C
Re: Measurables for Document Control and Internal Audits
Hi Covers,
I've been following this thread with much interest, and, after careful thought, here is my pennyworth. If I may, I'd like to address the comments made by some of you and then suggest some of my own:
There were some very good examples of audit metrics, but I disagree with the one to do with the auditor finding problems that may become huge issues. This may, of course, be an outcome of the audit, but this seems to guide the auditor to only look for the big fish. What if there are lots of minor errors that suggest the process is not in control. Should these be ignored? My view is that an audit is intended to look at the effectiveness of systems and processes and is based on a sample, and all bad AND good findings are passed to management for action. End of story. There should not be any influence on the auditor, unless there is a for cause audit.
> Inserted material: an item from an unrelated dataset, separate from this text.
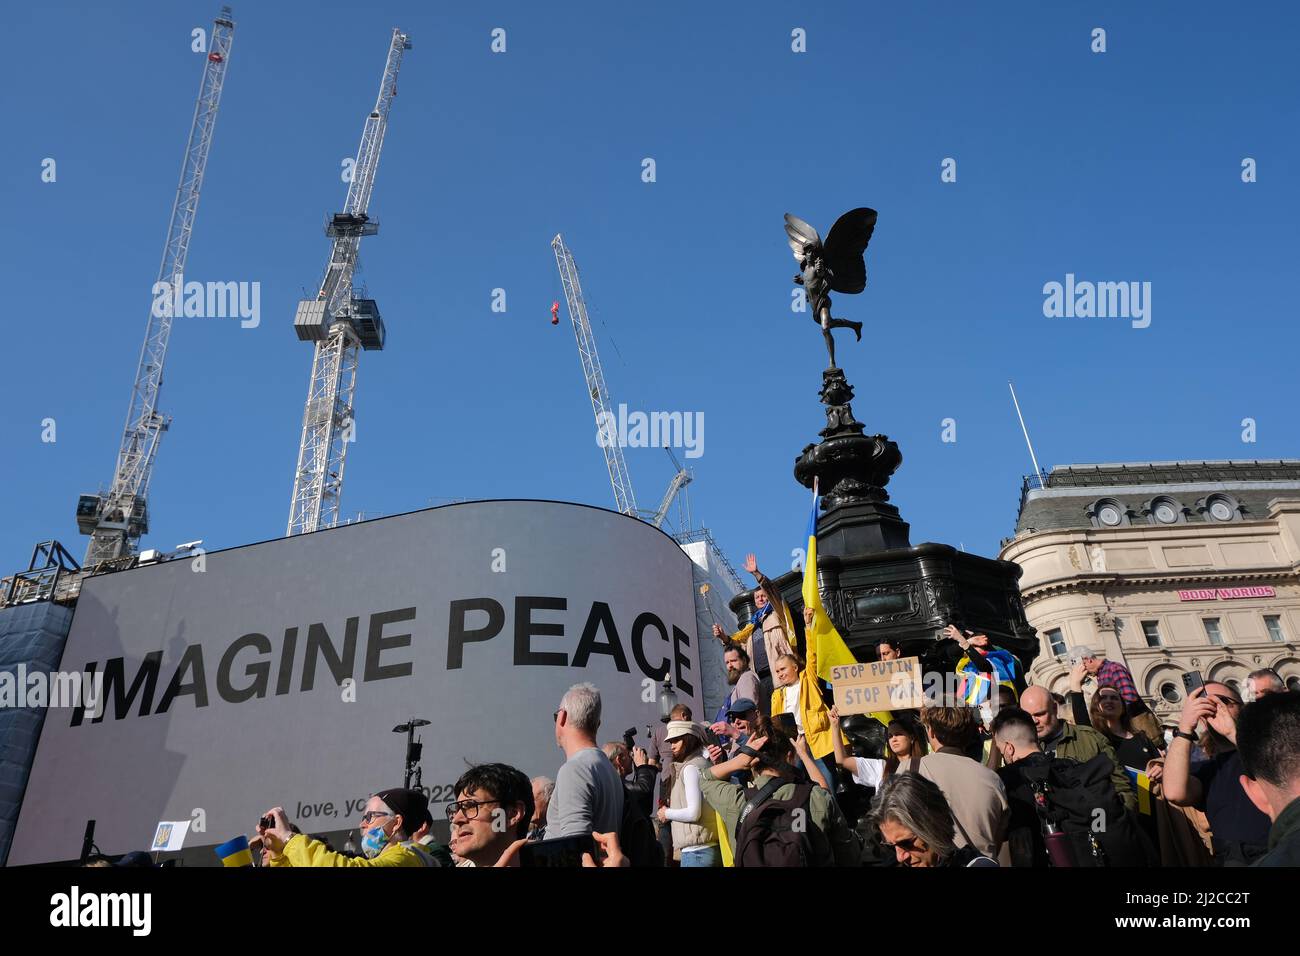 Yoko Ono's Imagine Peace, Ukraine Protest March, Central London Stock Photo

An audit of the effectiveness of actions is good to cover during an audit, but can it be a metric? The only one I can think of is, has the effectiveness of all actions has been audited? Some auditors don't look at the results of previous audits, and some orgs have the effectiveness of actions built into the CAPA system, so it's not the responsibility of the auditor?
The time to closure is a metric but not one for the auditor surely? Maybe one for the auditees management?
The number of opportunities for improvement and the potential number of NCRs surely depends on the process being audited and not a metric for the auditor? What if the process is so good you cannot find fault? So you say in your audit report, based on my audit sample, the process was great. I
I think we need to define the scope of the audit process before we apply metrics to it. For example, in some organisations, the audit process is separate, but feeds into, the CAPA process. In small orgs, like the one I work for, the auditor does the audit, does the audit admin, seeks CAPA, and tracks and trends action plan completion. Also, CAPA plans are usually reviewed and approved by Quality so we have an opportunity to review effectiveness and cost saving benefits of the action plans, but this may not be the responsibility of the auditor. So I would create metrics just for performing and reporting audits.
I would suggest the following metrics may be more appropriate to measure the effectiveness of the audit process:
The real value of the audit process is two-fold:
1. Designing your audit plan/checklist/strategy cleverly so that your sample encompasses the effectiveness of the whole system or process and
2. Performing the audit with the intention of identifying the opportunities for improvement and reporting these to management.

Hi Covers,
I've been following this thread with much interest, and, after careful thought, here is my pennyworth. If I may, I'd like to address the comments made by some of you and then suggest some of my own:
There were some very good examples of audit metrics, but I disagree with the one to do with the auditor finding problems that may become huge issues. This may, of course, be an outcome of the audit, but this seems to guide the auditor to only look for the big fish. What if there are lots of minor errors that suggest the process is not in control. Should these be ignored? My view is that an audit is intended to look at the effectiveness of systems and processes and is based on a sample, and all bad AND good findings are passed to management for action. End of story. There should not be any influence on the auditor, unless there is a for cause audit.
An audit of the effectiveness of actions is good to cover during an audit, but can it be a metric? The only one I can think of is, has the effectiveness of all actions has been audited? Some auditors don't look at the results of previous audits, and some orgs have the effectiveness of actions built into the CAPA system, so it's not the responsibility of the auditor?
The time to closure is a metric but not one for the auditor surely? Maybe one for the auditees management?
The number of opportunities for improvement and the potential number of NCRs surely depends on the process being audited and not a metric for the auditor? What if the process is so good you cannot find fault? So you say in your audit report, based on my audit sample, the process was great. I
I think we need to define the scope of the audit process before we apply metrics to it. For example, in some organisations, the audit process is separate, but feeds into, the CAPA process. In small orgs, like the one I work for, the auditor does the audit, does the audit admin, seeks CAPA, and tracks and trends action plan completion. Also, CAPA plans are usually reviewed and approved by Quality so we have an opportunity to review effectiveness and cost saving benefits of the action plans, but this may not be the responsibility of the auditor. So I would create metrics just for performing and reporting audits.
I would suggest the following metrics may be more appropriate to measure the effectiveness of the audit process:
- Adherence to audit schedule
- Reports submitted on time
- Turnaround time for CAPA plans
- Regular reports to management on CAPA plans due and CAPA plan completion
- Trending of audit data by observation category, numbers of observations, numbers of CAPAs etc
- Strengths reported to management with a view to application in other areas
- Review of audit frequency based on effectiveness as measured by audit eg. your process is in control in 2 sequential audits so instead of annual audit, move to biennial audit?
The real value of the audit process is two-fold:
1. Designing your audit plan/checklist/strategy cleverly so that your sample encompasses the effectiveness of the whole system or process and
2. Performing the audit with the intention of identifying the opportunities for improvement and reporting these to management.